Special online supplement helps practices comply with GDPR

Businesses must soon be compliant with new EU rules on data protection, as the General Data Protection Regulation (GDPR) comes into force tomorrow (25 May).

The regulation applies to those with a day-to-day responsibility for data protection.

GDPR aims to minimise the risk of security breaches, which have increased dramatically since rapid advances in technology have allowed public and private companies to make use of personal data.

Since the new rules were announced last year, veterinary practices and other businesses will have had to review the way they collect personal data and update their terms and conditions to inform clients about their data processing activities. Privacy impact assessments (PIAs) should also have been carried out on products and systems to ensure they protect data adequately.

Key changes include:
  • organisations must disclose any data breaches within 72 hours
  • individuals must give explicit consent for their personal data to be processed - implied consent is no longer acceptable
  • individuals have the right to retract consent and request that data be erased
  • individuals have the right to request data in a readable format.
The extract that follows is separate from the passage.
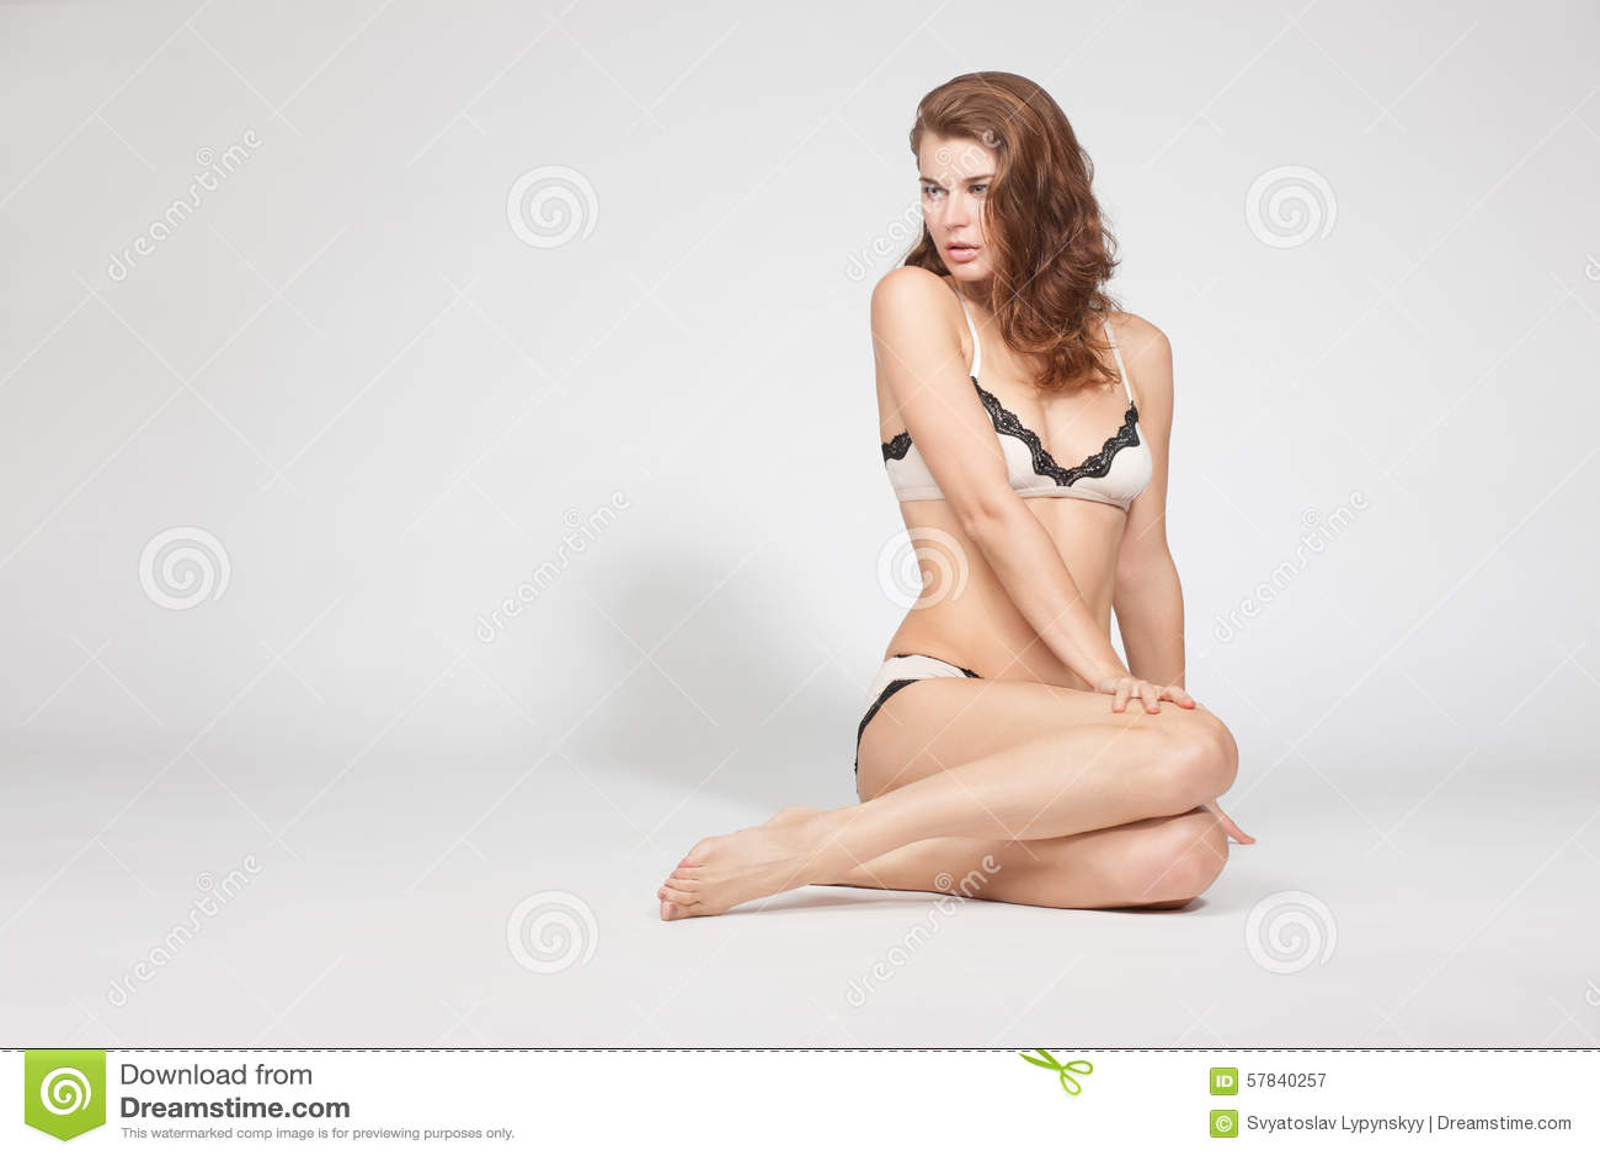 9da6f9f7bcfb Portrait of slim and slender woman model in bikini. Pretty woman in white underwear  sitting on the floor, studio shot.

Those who fail to comply with the new rules will face fines of up to €20 million, or four per cent of global turnover, depending on which is greater. This will apply for serious ‘tier one’ breaches. For lesser, ‘tier two’ breaches, businesses could be fined up to €10 million or two per cent of global turnover.

To help veterinary practices ensure they are compliant with GDPR, now and in the future, a special supplement has been published online by the journal Veterinary Practice Today, in conjunction with leading IT provider, AT Veterinary Systems: http://vetpracticetoday.com/vpt-en/index_gdpr.html.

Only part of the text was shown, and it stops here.